So the frat boys can frat better!
By CARMEL RAVIV— email@example.com
After a superintendent meeting discussing the vitality of fraternities at UC Davis, Chancellor Gary May realized that we need to do better to accommodate them. After all, they have done so much for campus social life and student alcoholism, without doing any real work at all.
After evaluating the difficulty that frat bros have to endure balancing a stressful course load in Managerial Economics and attending fraternity-related events while also being involved in consequential activities such as bicep curls in the ARC, playing spikeball and badgering their friend with a med card, the committee has developed a plan to bring on change.

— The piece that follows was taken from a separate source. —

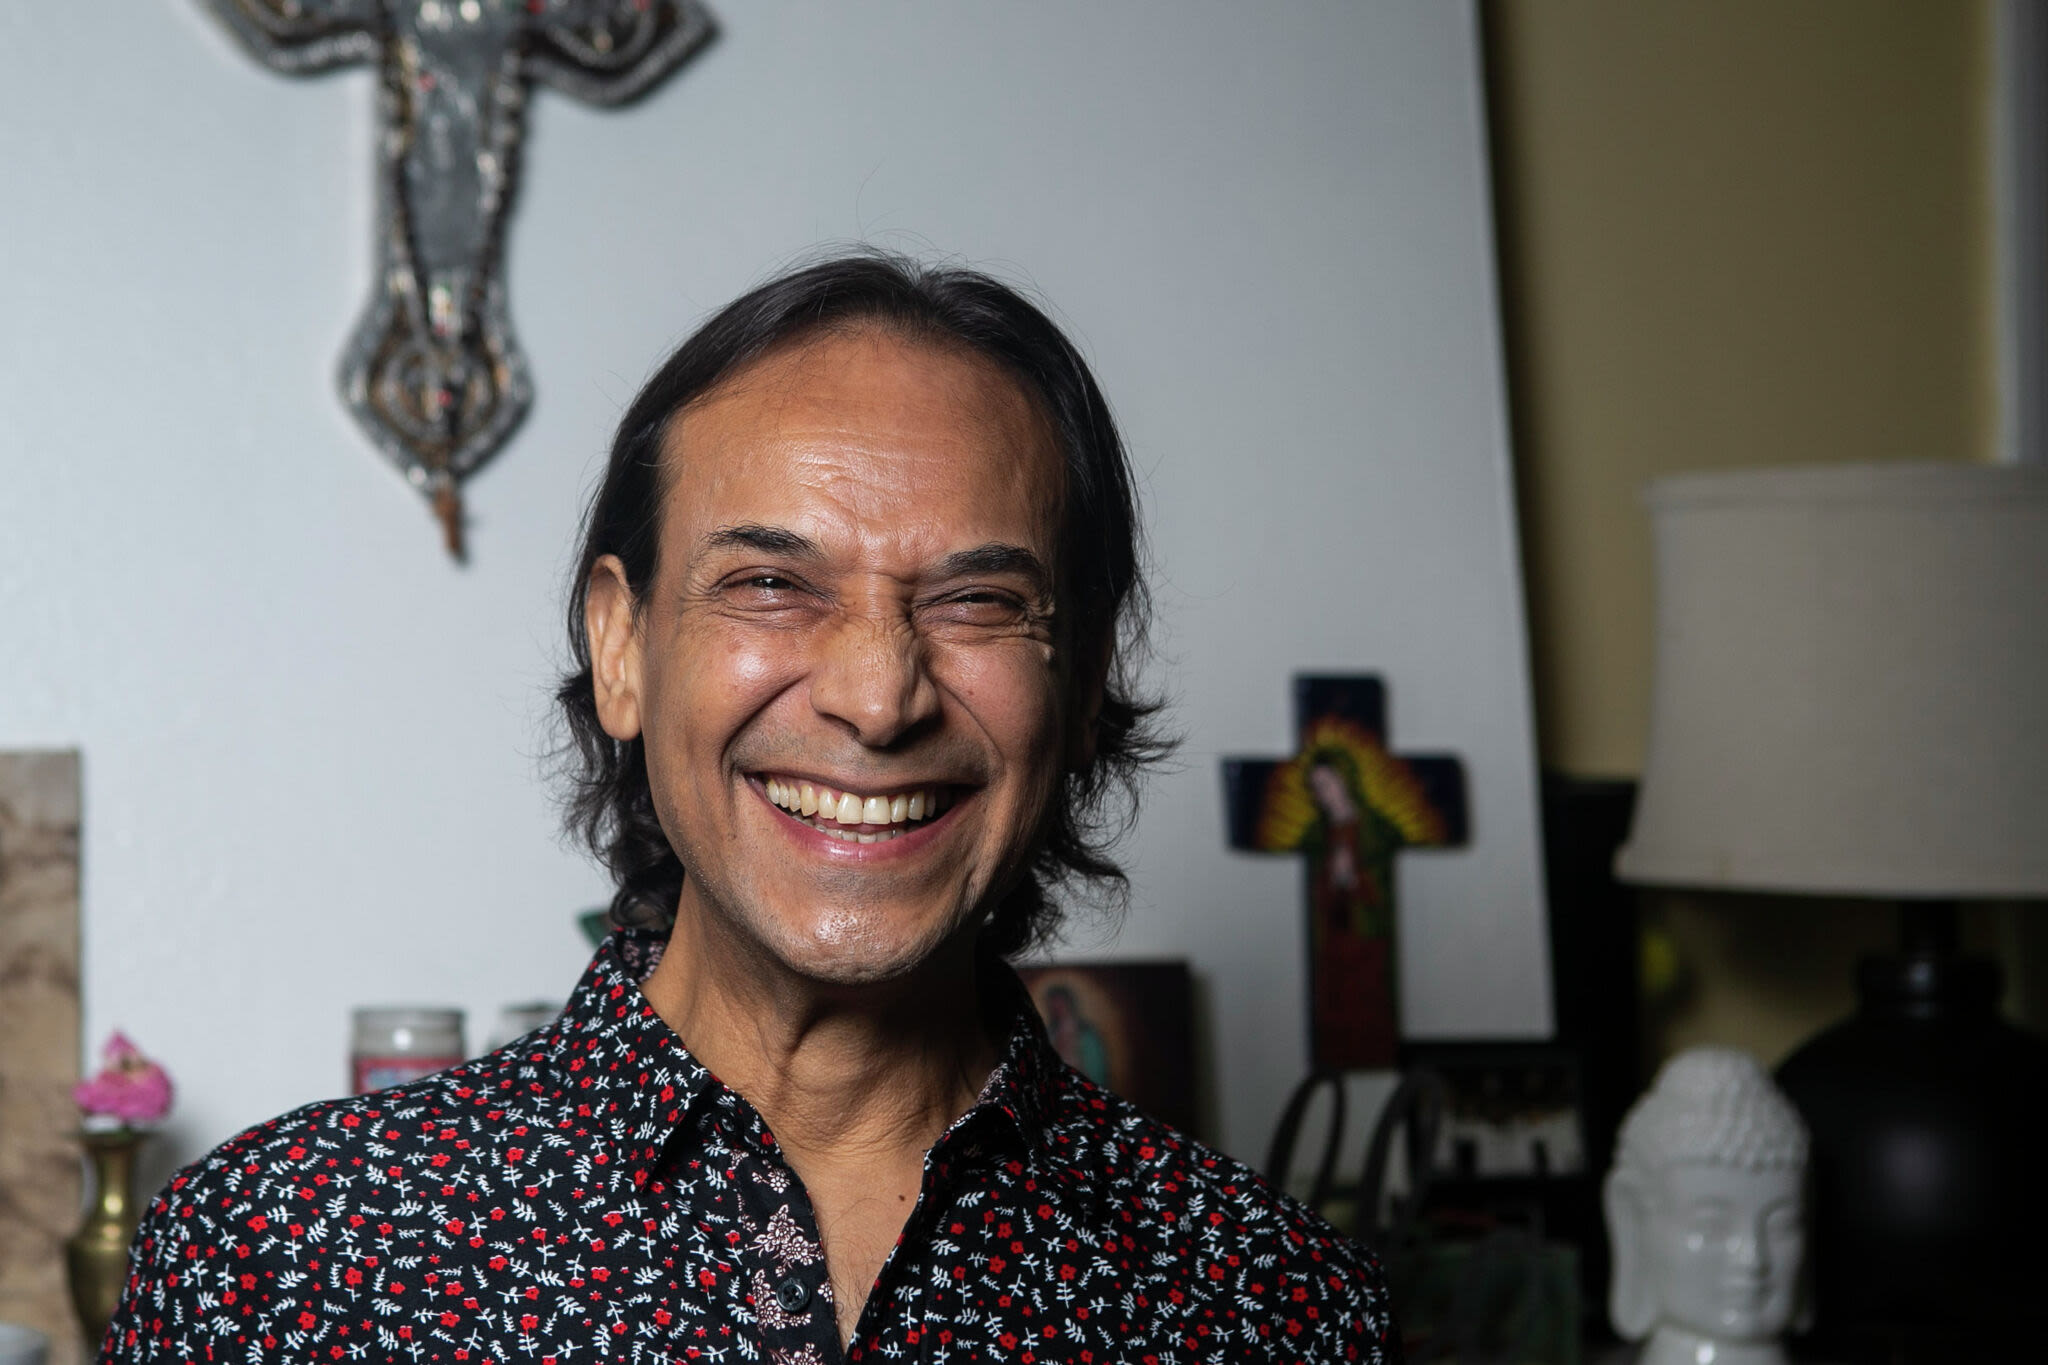 'Blood In Blood Out' actor Jesse Borrego's new film set in San Antonio

UCD will be adding the School of Bruhhh, a fifth college that consists of classes that will enhance the skills, critical thinking and bright futures of Davis frat boys. Some classes that will be instructed are:
BRO 002: The Biochemistry of Alcohol Circulation
BRO 003: The Biochemistry of Alcohol Circulation While Crossed af
BRO 015: The Morals and Ethics of “They weren’t that drunk!”
BRO 032A: Constructional Engineering: Beer Pong Table
BRO 032B: Constructional Engineering: Die Table
BRO 072: Women’s Studies: What Zodiac Sign to Tell Girls You Are
BRO 069: Relationship Psychology: Coz these b*tches crazyyy
BRO 099: Creative Writing: Party Themes and Canva Invites
BRO 113: Sound Engineering: How to Mix “Pursuit of Happiness” and “No Hands” on a Loop
BRO 120: The American History of the Backwards Hat
BRO 150: Business Networking Strategies: Getting that Deloitte Internship
BRO 420: Aaaahhaahhahaa
FRS 125: How to Tell a Group of Dudes to “gtfo” While Working Security
All majors are welcome to strengthen their Frat Boy understanding by taking these classes.
Written by: Carmel Raviv — firstname.lastname@example.org
Disclaimer: (This article is humor and/or satire, and its content is purely fictional. The story and the names of “sources” are fictionalized.)